### Task directions
Nothing in the entries may be dropped: restate them word for word.

══ Task material

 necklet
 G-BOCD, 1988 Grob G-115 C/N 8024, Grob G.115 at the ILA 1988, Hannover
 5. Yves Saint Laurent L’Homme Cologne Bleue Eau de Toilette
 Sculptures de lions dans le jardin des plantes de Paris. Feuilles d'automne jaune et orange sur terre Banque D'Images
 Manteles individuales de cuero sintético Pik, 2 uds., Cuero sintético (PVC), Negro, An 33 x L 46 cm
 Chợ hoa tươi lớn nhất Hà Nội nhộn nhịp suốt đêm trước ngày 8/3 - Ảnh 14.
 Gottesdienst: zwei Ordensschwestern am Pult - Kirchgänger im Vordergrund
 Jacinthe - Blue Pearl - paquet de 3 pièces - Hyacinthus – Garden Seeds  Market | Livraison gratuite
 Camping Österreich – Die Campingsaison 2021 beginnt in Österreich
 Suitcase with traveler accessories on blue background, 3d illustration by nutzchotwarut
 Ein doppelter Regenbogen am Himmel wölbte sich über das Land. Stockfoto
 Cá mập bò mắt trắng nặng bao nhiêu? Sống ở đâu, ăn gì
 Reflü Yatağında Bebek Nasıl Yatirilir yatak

════

### Exercise output
 necklet
 G-BOCD, 1988 Grob G-115 C/N 8024, Grob G.115 at the ILA 1988, Hannover
 5. Yves Saint Laurent L’Homme Cologne Bleue Eau de Toilette
 Sculptures de lions dans le jardin des plantes de Paris. Feuilles d'automne jaune et orange sur terre Banque D'Images
 Manteles individuales de cuero sintético Pik, 2 uds., Cuero sintético (PVC), Negro, An 33 x L 46 cm
 Chợ hoa tươi lớn nhất Hà Nội nhộn nhịp suốt đêm trước ngày 8/3 - Ảnh 14.
 Gottesdienst: zwei Ordensschwestern am Pult - Kirchgänger im Vordergrund
 Jacinthe - Blue Pearl - paquet de 3 pièces - Hyacinthus – Garden Seeds  Market | Livraison gratuite
 Camping Österreich – Die Campingsaison 2021 beginnt in Österreich
 Suitcase with traveler accessories on blue background, 3d illustration by nutzchotwarut
 Ein doppelter Regenbogen am Himmel wölbte sich über das Land. Stockfoto
 Cá mập bò mắt trắng nặng bao nhiêu? Sống ở đâu, ăn gì
 Reflü Yatağında Bebek Nasıl Yatirilir yatak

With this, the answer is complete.